Frontend optical links are implemented using Avago MiniPOD<sup>TM</sup> transceiver modules. The PCI Express protocol on the backend is implemented directly by hardened logic inside the FPGA. As hardened logic is currently limited to 8 bidirectional PCIe lanes, implementing the 16 lanes necessary for the required I/O performance requires bonding two x8 interfaces. Link aggregation can be implemented by an additional discrete component on the board itself, or by enabling so called link "bifurcation" in the host root complex. The second solution has obvious advantages in terms of layout simplification, BOM reduction and power efficiency.

To conclude, an additional SFP+ optical interface is reserved for the bi-directional optical link used to propagate timing and fast commands through the TFC hierarchy.

As a consequence of the output channel between the board and the host being split into two logical PCI Express links, the dataflow inside the data acquisition firmware is also split into two simmetric halves. In this architecture, each half decodes, aggregates and optionally processes the data received from part of the optical input channels. In the end, the stream containing event fragments and timestamped with global synchronization information is transmitted to the host to initiate the distributed event-building process, through a high-performance DMA mechanism explicitly implemented for this application.

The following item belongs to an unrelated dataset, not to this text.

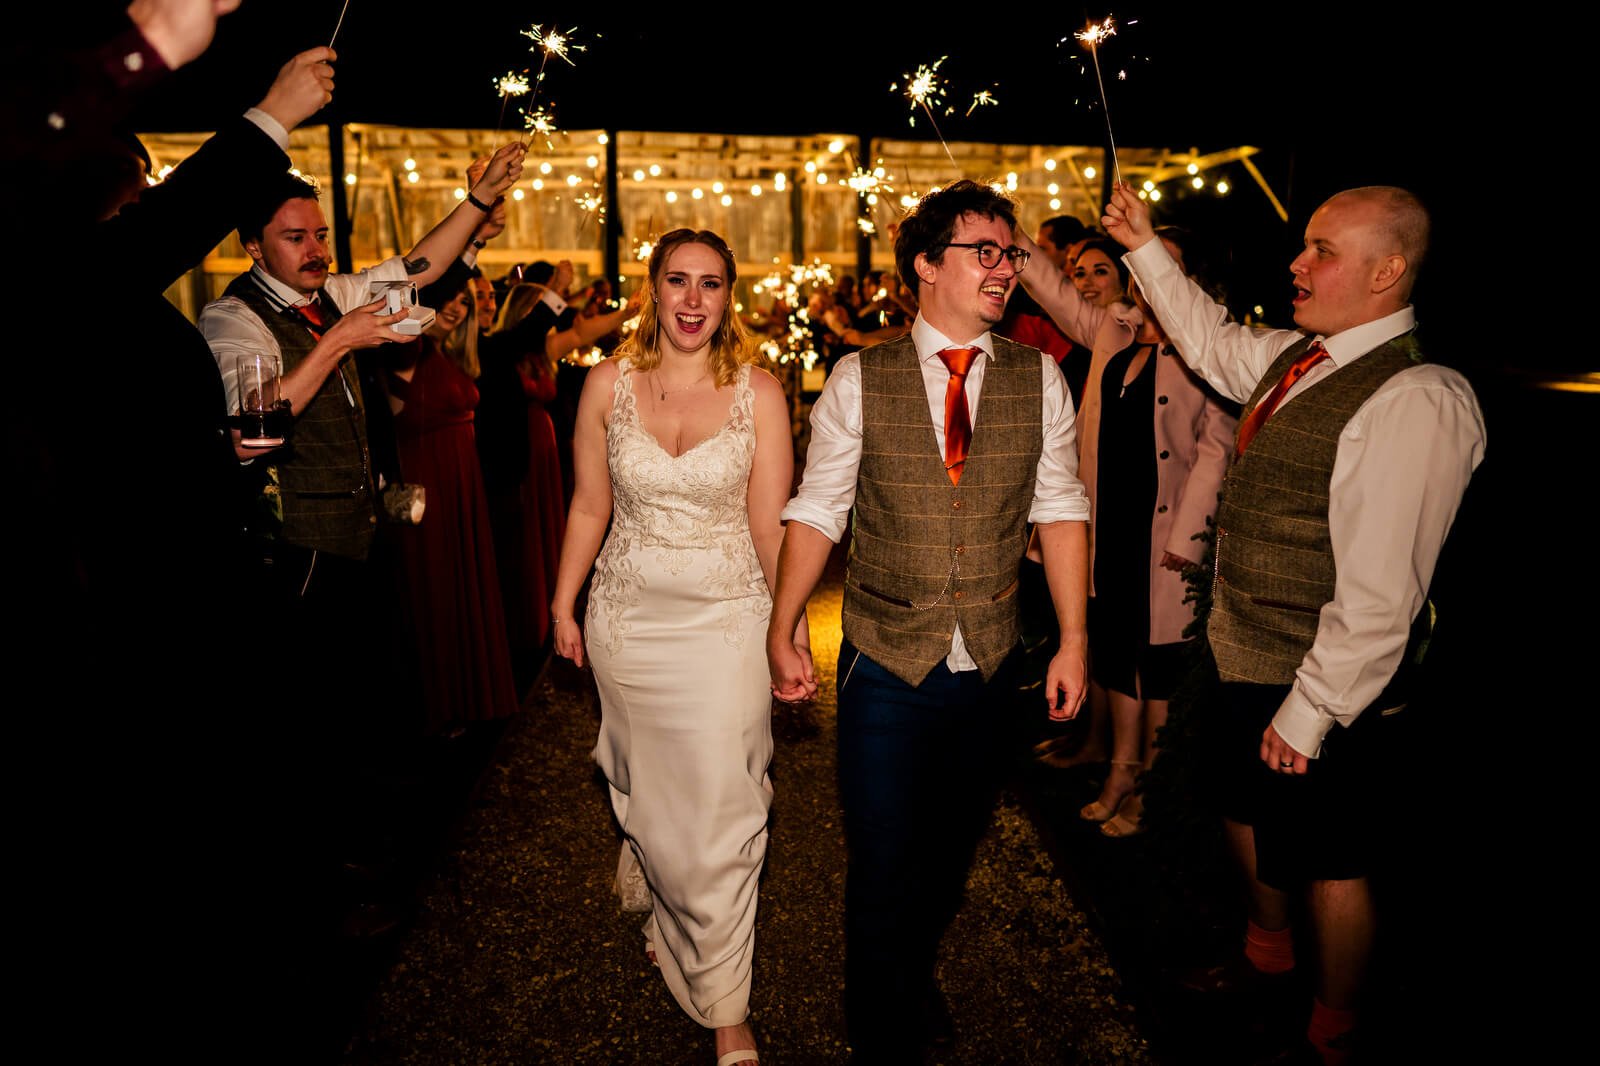 sparkers at silchester farm wedding

The throughput across the PCI Express link, in the downstream direction (from the add-in card to the root complex), has been measured in excess of 111 Gbps.

Optimizing the utilization of the available I/O resources is critical for the feasability of the entire architecture and requires attention to all final consumers of the available bandwidth budget:

# A. Data

Frontend data is received in different formats depending on its origin, in order to optimize the installed optical capacity while also trying to simplify the design of the different kinds of frontend circuitry. The readout board firmware has to synchronize and aggregate all the available input links, optionally perform some data processing and finally present a data stream at the output in a yet different format, this time taking into consideration the different set of constraints imposed by the PCI Express transport.

## B. Metadata

As the event-building process consumes several times the amount of bandwidth required to simply read out the PCIe40, stream metadata should be separately provided by the firmware in order to accelerate stream parsing inside the event building application.

### C. Slow control

Monitoring and configuration commands that are continously exchanged between the control system and the board over the same PCI Express link used for data acquisition must not negatively affect DAQ performance.

# IV. INFRASTRUCTURE

With the increase in the event rate and complexity to be processed by the high-level trigger, the datacenter infrastructure hosting it also requires an important upgrade, including a relocation from the current underground area to the surface. The new infrastructure that will be required to support such a design is currently undergoing an important review in order to finalize the final design during the course of this year.

# V. CONCLUSIONS

The implementation of a full-software physics trigger at the scale required by the LHCb experiment and while leveraging the network and server technologies available on the commercial market is a complex technical task.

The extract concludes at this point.